The last one is the most recent - a month ago - could it be useful, and if so, what do I do with it (if anything)?

edit: I did this, just in case …

ssh root@192.168.1.194 "tar czf - -C /mnt/mainraid/ix-applications/backups/ system-update--2024-07-09_17:00:02" > ~/TN_app_backup/system-update-backup.tar.gz

ABain · August 7, 2024, 6:05pm

Which release are you on? I know your my NAS says general latest, can you confirm it is up to date with 24.04.2?

E_B · August 7, 2024, 6:09pm

Hello

Yes - Dragonfish-24.04.2 - the latest (perhaps I ought to edit that signature part to make it explicit - I did wonder about that … edit - I have edited it!).

E_B · August 7, 2024, 10:36pm

contents of the deleted posts above were copied into the main post to improve readability

I tried unsetting and resetting; I tried moving from a static IP to DHCP (it’s th eonly thing I have changed that I can think of) and I tried to install a new version of an app, but I can’t install because the service isn’t running.

The only remaining option I can think of is to reinstall Scale but I am keen to try something else first

Protopia · August 8, 2024, 11:02am

I know I am probably preaching to the converted here, but one lesson from this seems to be to ask here for advice BEFORE trying out what someone else suggests in a prior post as a fix for their problem which may or may not be the same as yours.

I know that people often say that “asking for forgiveness afterwards can be easier than asking for permission before” but when it comes to technical problems where you can easily make a problem far worse by trying the wrong fix this is most often not the case.

E_B · August 8, 2024, 11:06am

I know, I agree - you’re right. I never learn. (I thought I’d be able to fix it because the symptoms seemed similar …).
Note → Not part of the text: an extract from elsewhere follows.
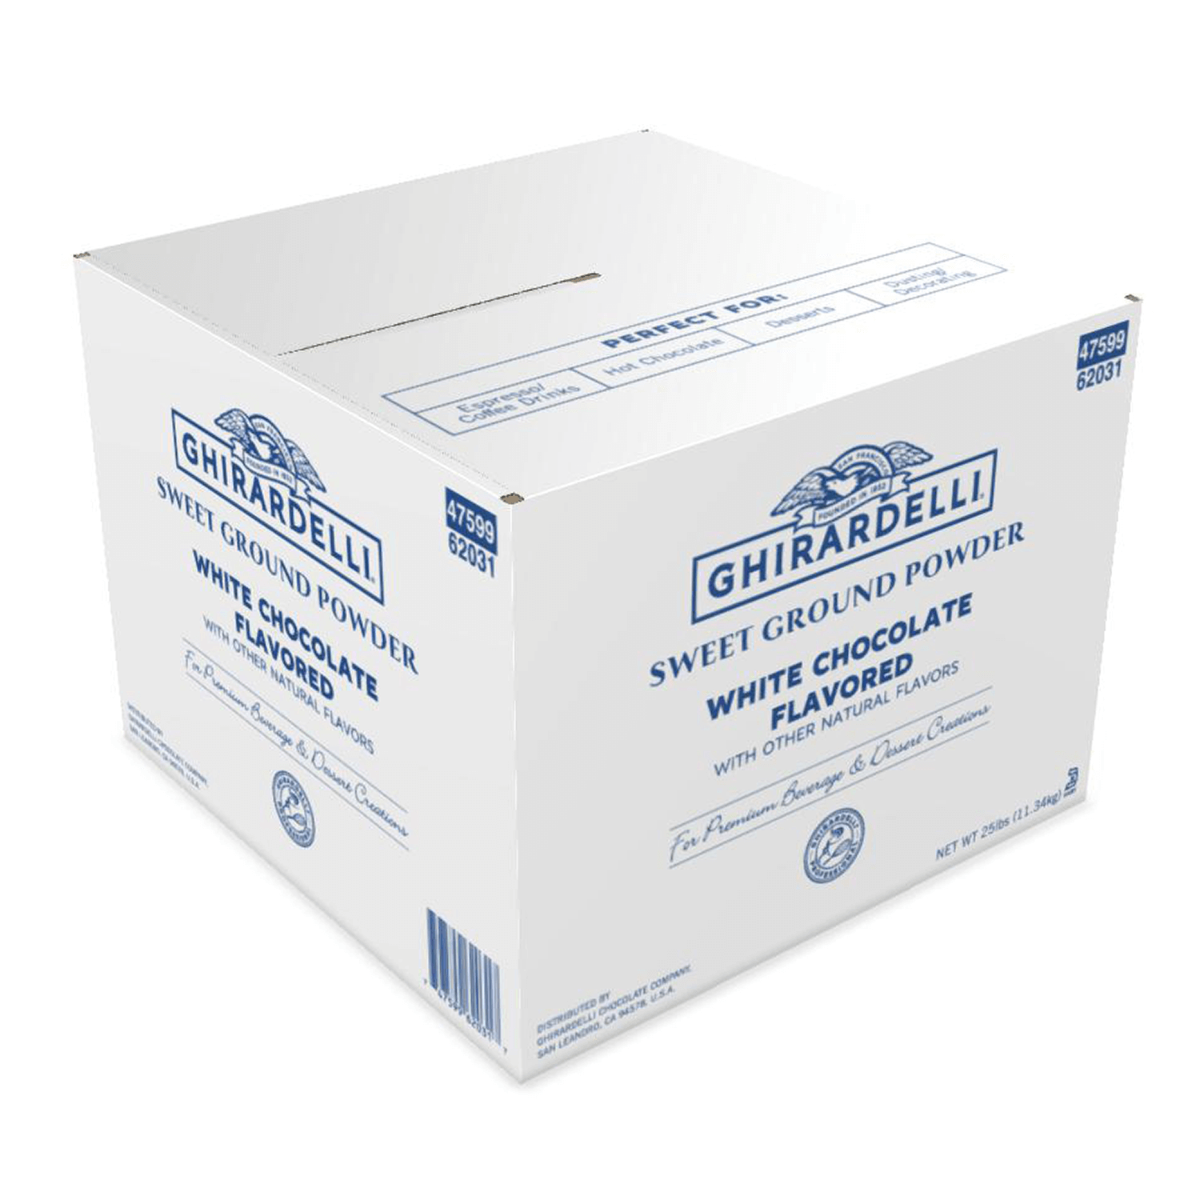 White box of Ghirardelli Sweet Ground White Chocolate Flavored Powder

Luckily for me this “apps” stuff is only a hobby aspect (and the NAS data storage is robust and safe) and I’m not looking after a hospital or company!

E_B · August 8, 2024, 6:36pm

I tried everything I could think of, and then reinstalled Scale 24.04.2 (and uploaded a recent config).

Even that hasn’t fixed it:

Doomed …doomed

E_B · August 9, 2024, 10:33am

This time my experiments worked, along the lines of

unset pool
delete the ix-applications dataset
reboot
set pool

I then did # watch -d k3s kubectl get pod -A

until I saw

and also

at which point I was satisfied that the problem was solved, inasmuch as I can now reinstall the apps (four out of the five will take a few tens of minutes, the last one I can’t remember how I first did it a couple of years ago and I’ve not needed to touch it since !).

It’s true that I may perhaps have made things worse along the way, but I did want to make progress now, whilst I had the opportunity, so I did my best by following various posts here and elsewhere.